Documentation platforms for AI coding assistants in defense tech startups (May 2026)
Defense tech engineering teams ship at the velocity of a commercial startup inside environments with constraints a commercial startup doesn’t have. AI coding assistants like Cursor and Claude Code are now standard in those workflows, and the documentation those agents retrieve from has to keep up with both the pace of code change and the security requirements of the environment. The problem is that most documentation platforms were built for cloud SaaS or for slow-moving enterprise on-prem, and neither shape fits a defense tech engineering team that wants modern AI coding tooling without losing the data residency, access control, and accuracy properties the work requires. This guide covers what AI coding assistant ready means in practice, why defense tech is a distinct context, and which platforms can credibly serve it. For the general version of this comparison, see our guide to AI documentation tools.
Summary
- Defense tech teams ship fast, but documentation often can’t keep up with codebase velocity, and stale documentation produces wrong answers from AI coding agents
- A wrong answer from an AI coding agent is more expensive in defense tech than in a typical SaaS startup, which raises the stakes on documentation accuracy and retrieval quality
- AI coding assistant ready means passage-level retrieval, an MCP or programmatic interface (not a scrape of a published site), freshness detection tied to code changes, and codebase awareness
- Outline has the strongest self-hosting story among the wiki competitors and shipped an MCP server, which is a real step forward; the retrieval still returns documents rather than passages and isn’t tied to code
- Falconer ships a passage-first data model, a read/write MCP server, auto-updates triggered by merged pull requests, unified retrieval across code and docs and conversations, with SOC 2 Type II and a full on-premises deployment tier that runs air-gapped with no outbound internet required at runtime
The problem: codebase velocity outpaces documentation
Defense tech engineering teams have started looking a lot like commercial startups. They ship daily, run modern AI coding tooling, and expect their internal documentation to keep up. The documentation rarely does. Pages get written once and forgotten. Runbooks describe systems that were refactored three sprints ago. Architecture docs reference services that no longer exist. In a commercial SaaS context, that drift costs the team productivity. In defense tech, it costs more.
AI coding assistants amplify the cost. A coding agent answering from stale documentation produces confidently wrong code, sends developers down the wrong debugging path, and routes around the engineers who actually know the current state of the system. For teams where the cost of a wrong answer is higher than what a commercial startup will ever experience, the documentation layer feeding those agents has to stay accurate or the entire workflow becomes a liability.

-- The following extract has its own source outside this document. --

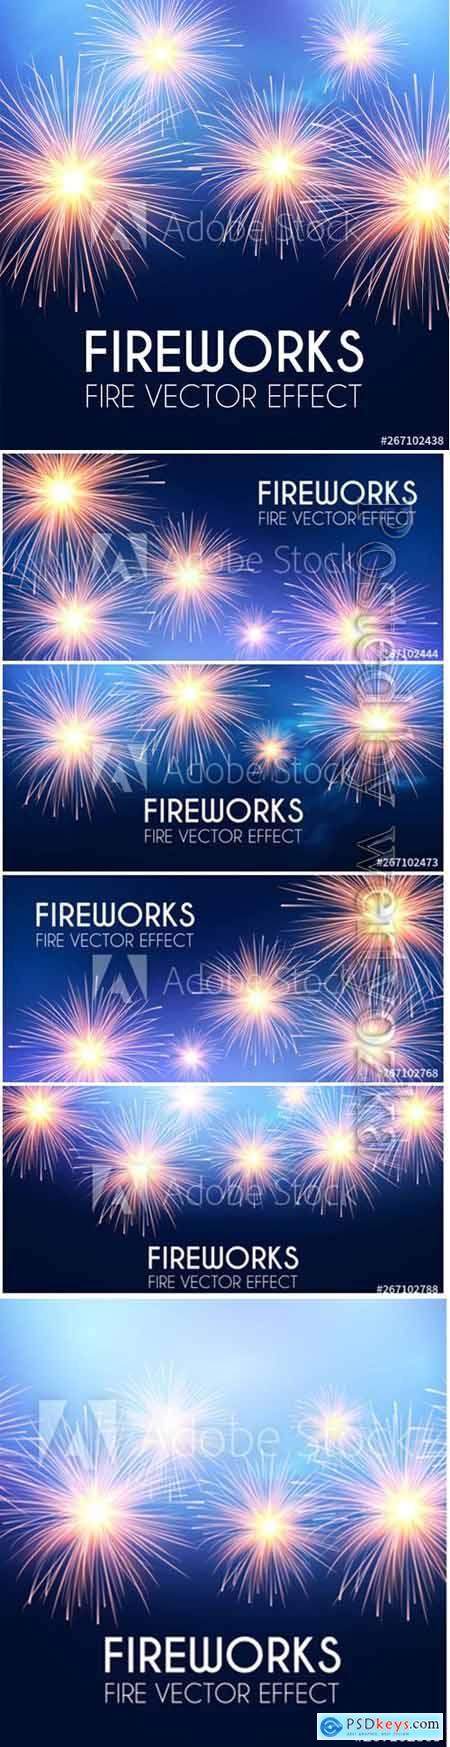 Sparkling fireworks on a blue vector background

The fix has to be structural. Manual maintenance doesn’t scale at shipping velocity, and the documentation platforms most defense tech teams have inherited weren’t built to update themselves when code changes.
Why defense tech is a distinct context
Three things separate defense tech from a typical SaaS engineering environment.
Security and data residency requirements. Many defense programs build their control requirements on federal catalogs like NIST SP 800-53, and documentation and the systems retrieving from it often need to stay inside a controlled boundary. That might be the team’s own cloud account, a self-hosted deployment in infrastructure the team operates, or a fully air-gapped environment with no outbound internet connectivity at all. Cloud-only platforms can’t meet the deeper end of this requirement. Platforms that advertise on-prem deployment but still phone home for licensing checks, telemetry, or container updates can’t either, even if the marketing page says otherwise. The bar for defense tech is no outbound connectivity required at runtime.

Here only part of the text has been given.